Ellen is damaged and misunderstood, repressed and freed, forced and yet accepting. Her father put shame on her by trying to save her, society entrapped her, her husband could not fill the void in her soul.
The stories about love(*) between the married couples parallel each other, mirror each other. One marriage fulfilled and fulfilling, one only begun and kept wanting, though not for lack of trying, but both ending almost simultaneously. The end is foreshadowed, the mausoleum vs the bed, the fire vs the sunrise.
The story about abuse and grooming seems very clear as well - the almost literal implementation of the "Erlkönig", the "Erlking" an old german poem by Goethe about a king abusing a child, the english translation of that famous poem stating so viciously:
"I love you, your beautiful form excites me; And if you're not willing, then I will use force."
Ellen reacts with shame and denial, and confusion when challenged on what was, her begging at her husband's feet seemed to make that past shame very clear. Orlok tells her that if she does not come willingly... he will use force. And does.
The story about the supernatural connection is threaded all the way through as well, not to be dismissed - Ellen is connected, her mind yearned through the possibilities she was given, and she did connect - and in innocence and desire invited Orlok. Her powers are there, always controlled, always a part of her that she denies but cannot help use nonetheless, rebelling against the controlling of them at the same time that she is folding to that control through society's demands. Her connection cannot be severed, she is the reason, and though it is not her fault she immediately knows that it can only end if she ends it.
The story about demonic possession is also done so well. It calls back to the Exorcist (movies, I have not (yet) watched the show), pays homage to many a horror movie. The possession is not voluntary, something that is easily recognized by the witnesses, and which adds another element of force to it all.
Brilliant, dark, very gothic movie.
Which also dared to state that there is also love between Orlok and Ellen. Another story level, denoted above with the (*) - because there is. Orlok is just another kind of love than the "husbands" are, another kind of love than society... allows.

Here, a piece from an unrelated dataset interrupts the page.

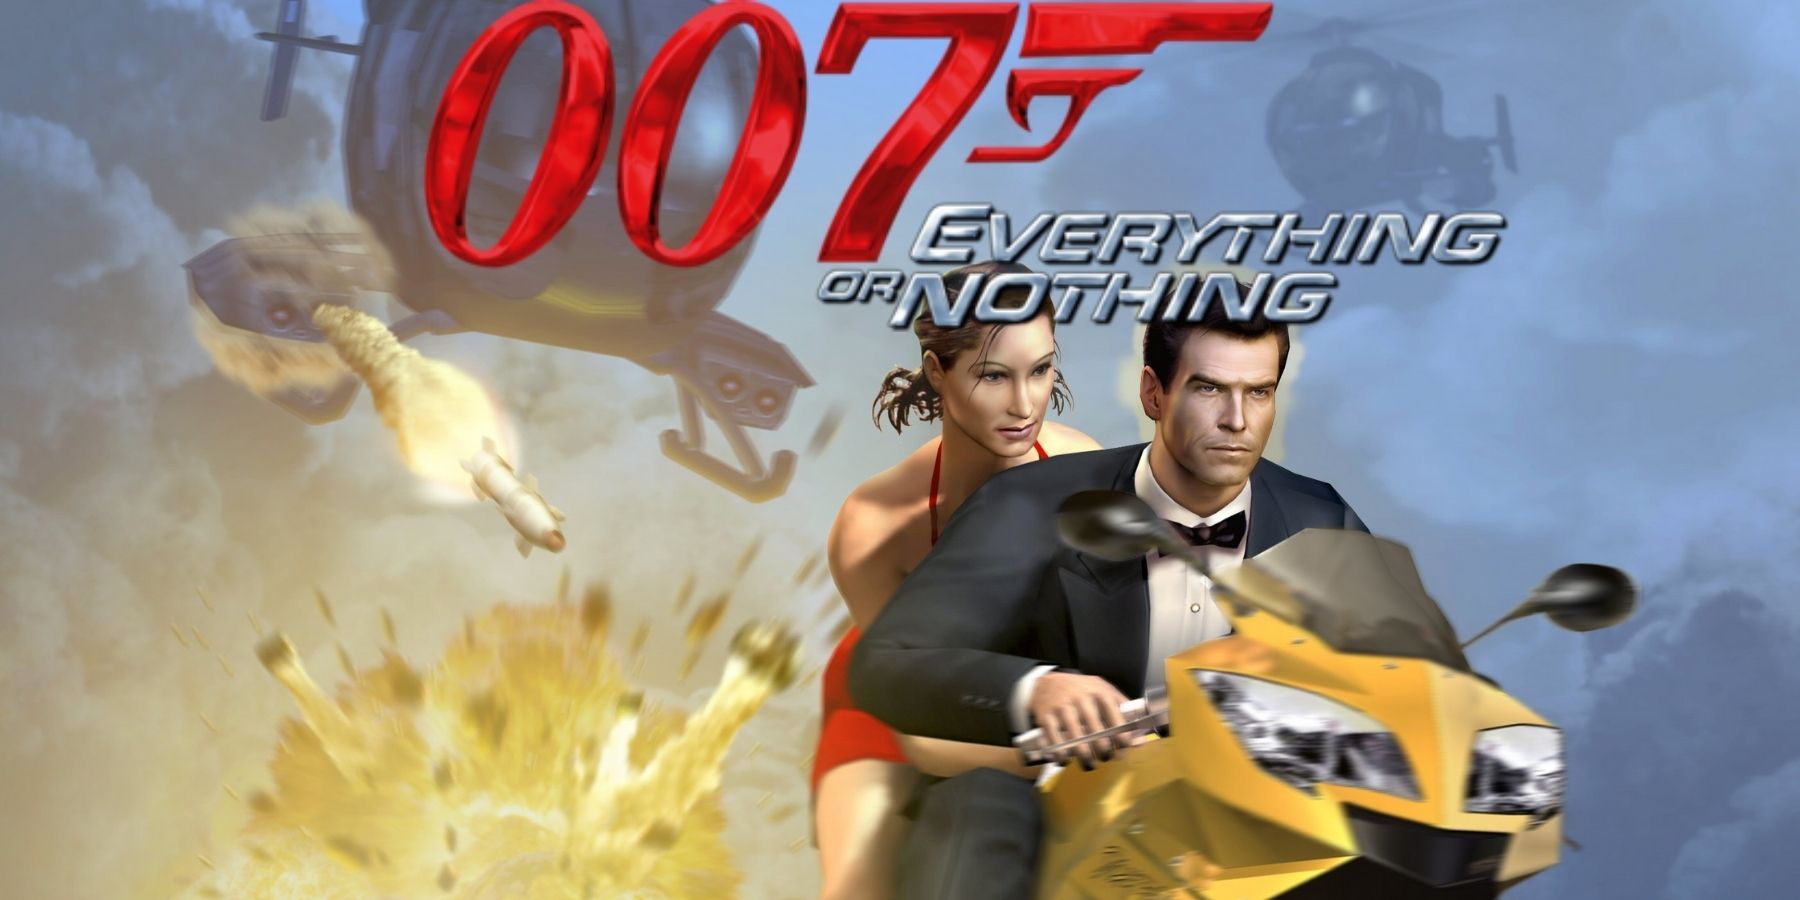 007 james bond everything or nothing pierce brosnan game
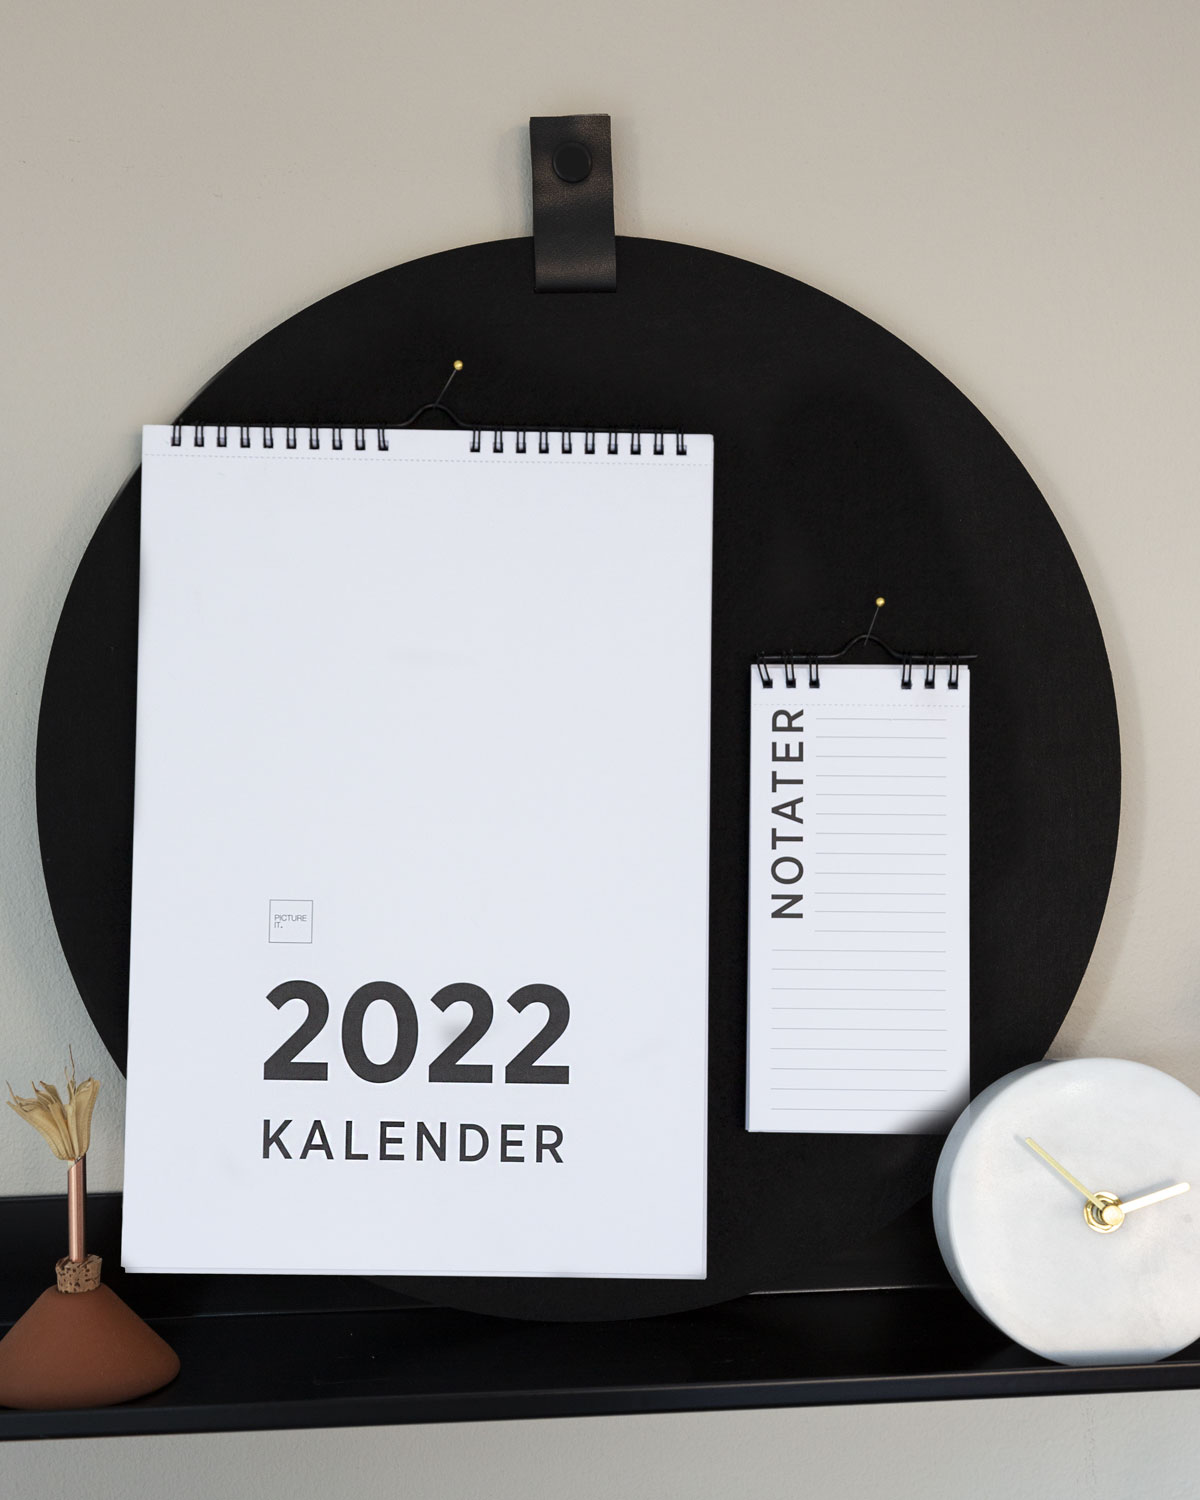 2022 Kalender med ukenummer

Orlok is the dark desires of getting fucked hard. Pleasure for pleasure's sake, not for bearing children, not for prosperity, no, only for herself. The appetite, the hunger, the freedom from the shame that was forced upon her. He recognizes that hunger in her, that is why they connect - something in them recognizes the other's hunger, the desire, the soul beneath the corset and superstition.
Ellen... lives in a society which suppresses and condemns her (urges, will, desires, hopes, dreams), constantly, all the while regarding her as fully able to consent to sexual actions, even at what we now definitely consider a childish age.
Victorian society considered people to be of the age of consensual sex at the wee age of TWELVE by the way. Which pays heavily into her claiming she "was but a child" - yes she was, but not in society's eyes.
(I mean, we can clearly point our fingers, but we have a lot of very current cultures and societies on this planet which do the same, or worse, still. And even in the US there's still laws which do not set a minimum age re marriage.)
(Also, if you want to read a rather horrifying article about consent (here is an article about the history of consent)).
Anyways.
Nosferatu was a brilliant, delightful, gothic movie, functioning on several layers.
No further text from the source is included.